For-profit companies will strip NHS assets under proposed reforms
BMJ 2011; 342 doi: https://doi.org/10.1136/bmj.d3760 (Published 15 June 2011) Cite this as: BMJ 2011;342:d3760- Lucy Reynolds, research fellow, London School of Hygiene and Tropical Medicine, London WC1H 9SH
- lucy.reynolds{at}lshtm.ac.uk
The unfolding cautionary tale of Southern Cross illustrates the fundamental problems with the outsourcing of public services to corporate bodies (BMJ 2011;342:d3535, doi:10.1136/bmj.d3535). Its crisis originated when it was bought by private equity firms, which buy companies, like Southern Cross, that own unmortgaged land and buildings. After selling, leasing back, or borrowing against these assets, they dispose of the company, now saddled with debt. Their aim is to extract rather than to add value. Any publicly listed company may be a target because its shares can be acquired on the stock market.

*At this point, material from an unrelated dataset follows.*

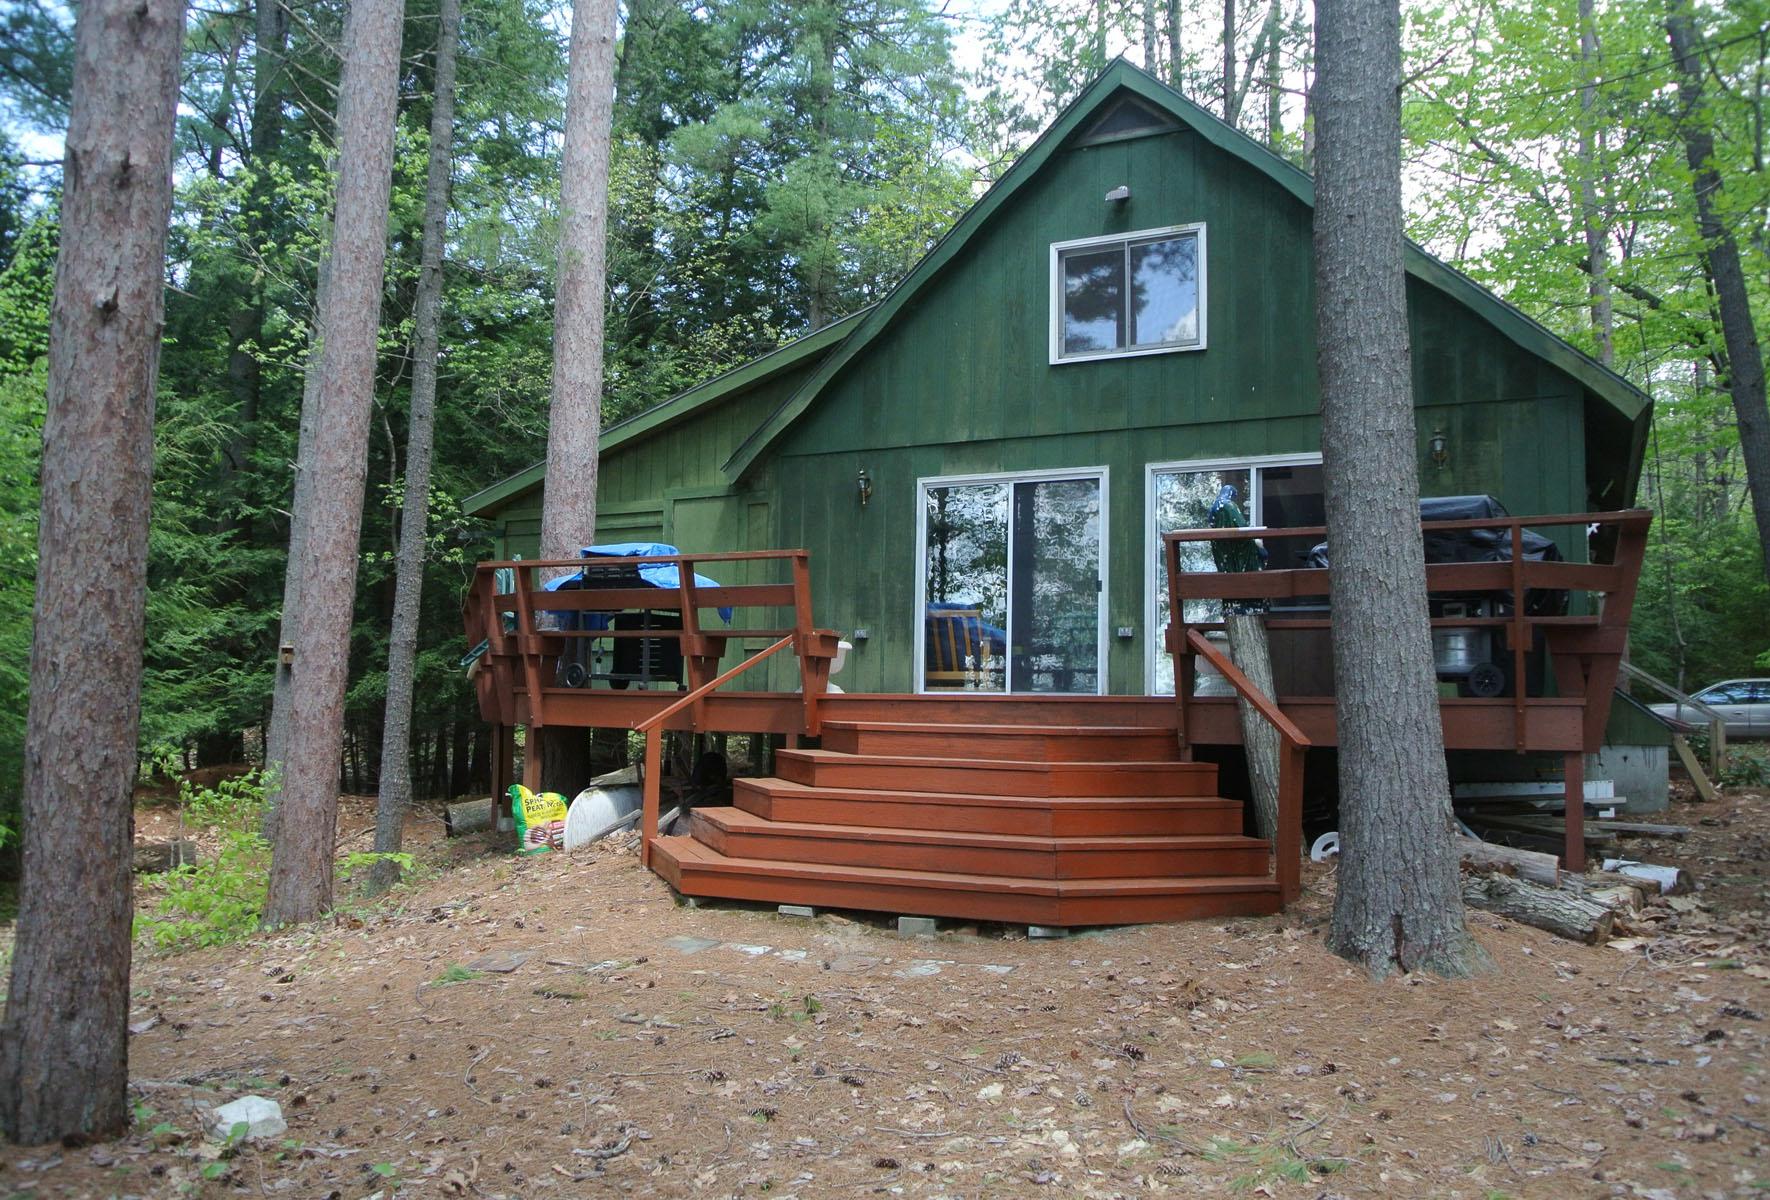 Частный односемейный дом для того Продажа на 232 Pine Pt, New Durham New Durham, Нью-Гэмпшир 03855 Соединенные Штаты

Southern Cross is now threatened by insolvency. Despite pre-existing concerns about inadequate staffing levels, it claims it can cut 3000 frontline posts without harming quality of care. If this is true, the company has previously been charging councils, and residents who fund their own care, for unnecessary staff. The directors have announced cuts in nursing, catering, and cleaning jobs, but not in management pay rates, where savings would not further prejudice care standards.
The reason that any commercial enterprise exists is to make profits, and the over-riding duty of the directors, enshrined in company law, is to maximise the money the company generates for its …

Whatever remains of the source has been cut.